Forward Looking Statements
This MD&A includes certain "forward-looking statements" within the meaning of applicable Canadian securities legislation. All statements, other than statements of historical facts, included in this MD&A that address activities, events or developments that the Corporation expects or anticipates will or may occur in the future, including such things as future business strategy, competitive strengths, goals, expansion and growth of the Corporation's businesses, operations, plans and other such matters are forward-looking statements. When used in this MD&A, the words "estimate", "plan", "anticipate", "expect", "intend", "believe" and similar expressions are intended to identify forward-looking statements.

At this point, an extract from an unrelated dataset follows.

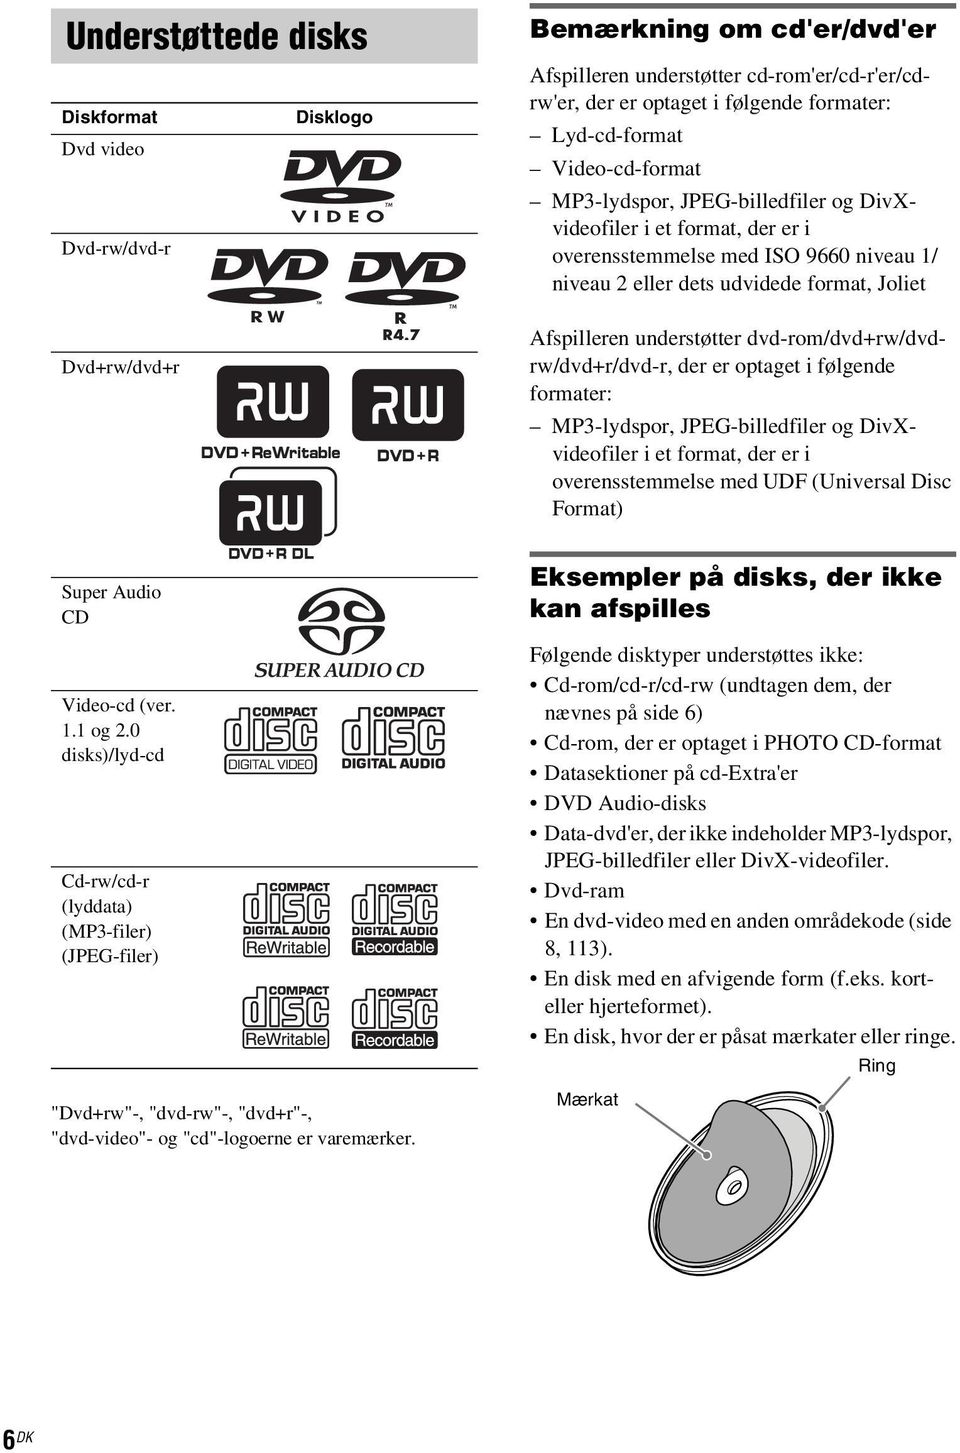 understøtter dvd-rom/dvd+rw/dvdrw/dvd+r/dvd-r, der er optaget i følgende formater: MP3-lydspor, JPEG-billedfiler og DivXvideofiler i et format, der er i overensstemmelse med UDF (Universal Disc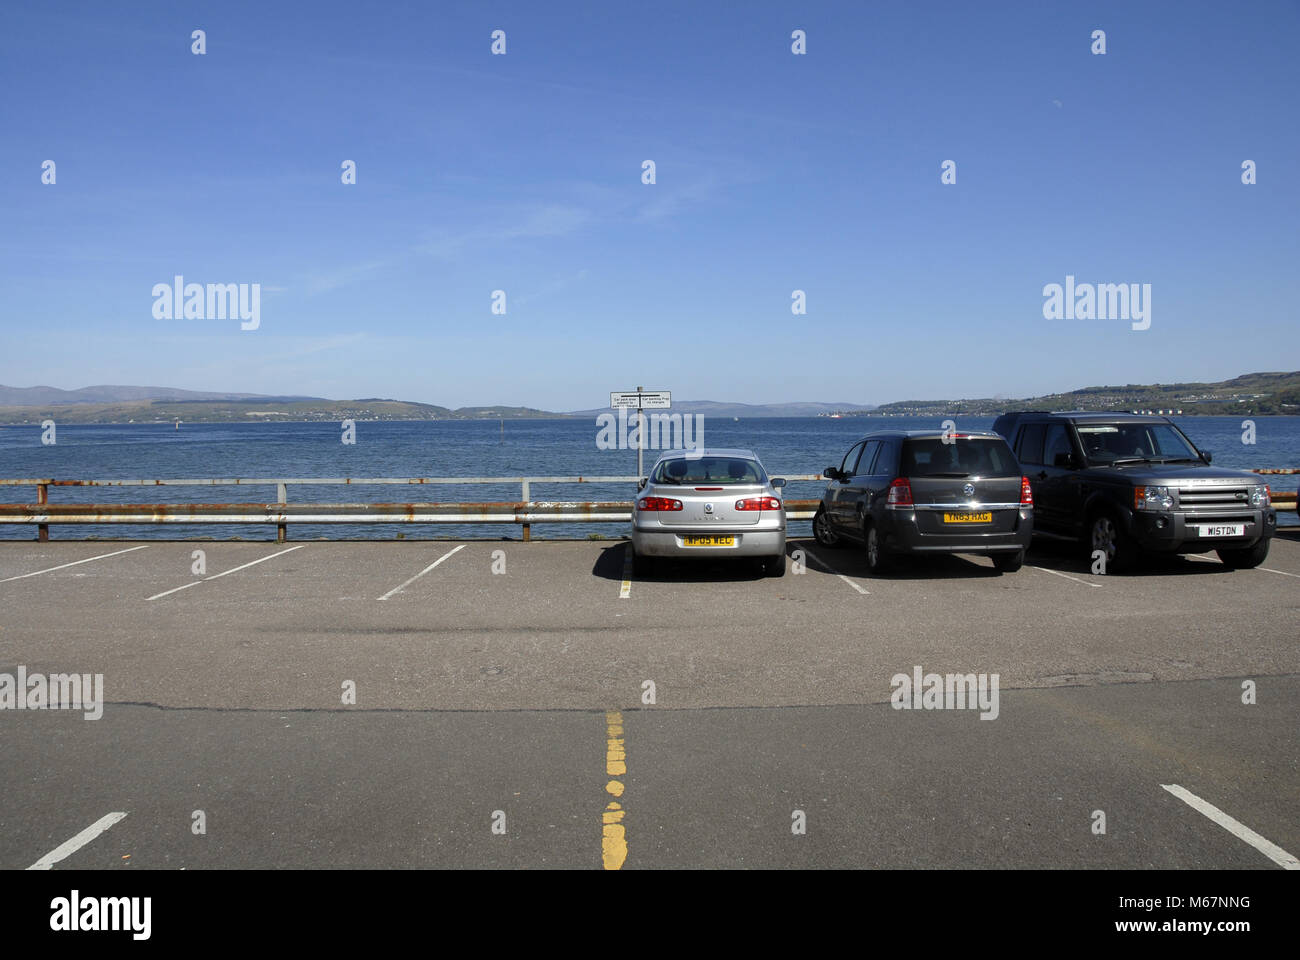 Parcheggio auto con diverse aree per pagare e parcheggio gratuito, Dunoon Foto Stock

These statements involve known and unknown risks, uncertainties and other factors which may cause the actual results, performance or achievements of the Corporation to be materially different from any future results, performance or achievements expressed or implied by such forward-looking statements. Such factors include, among others, risks related to joint venture operations, actual results of current exploration activities, changes in project parameters as plans continue to be refined unavailability of financing, fluctuations in oil and gas prices and other factors. Although the Corporation has attempted to identify important factors that could cause actual results to differ materially, there may be other factors that cause results to be different than anticipated, estimated or intended. There can be no assurance that such statements will prove to be accurate as actual results and future events could differ materially from those anticipated in such statements. Accordingly, readers should not place undue reliance on forward-looking statements.
Additional Information
Additional information relating to the Corporation, including the annual information form of the Corporation, can be found on SEDAR at www.sedar.com and on the Corporation's website at www.sharpe-resources.com.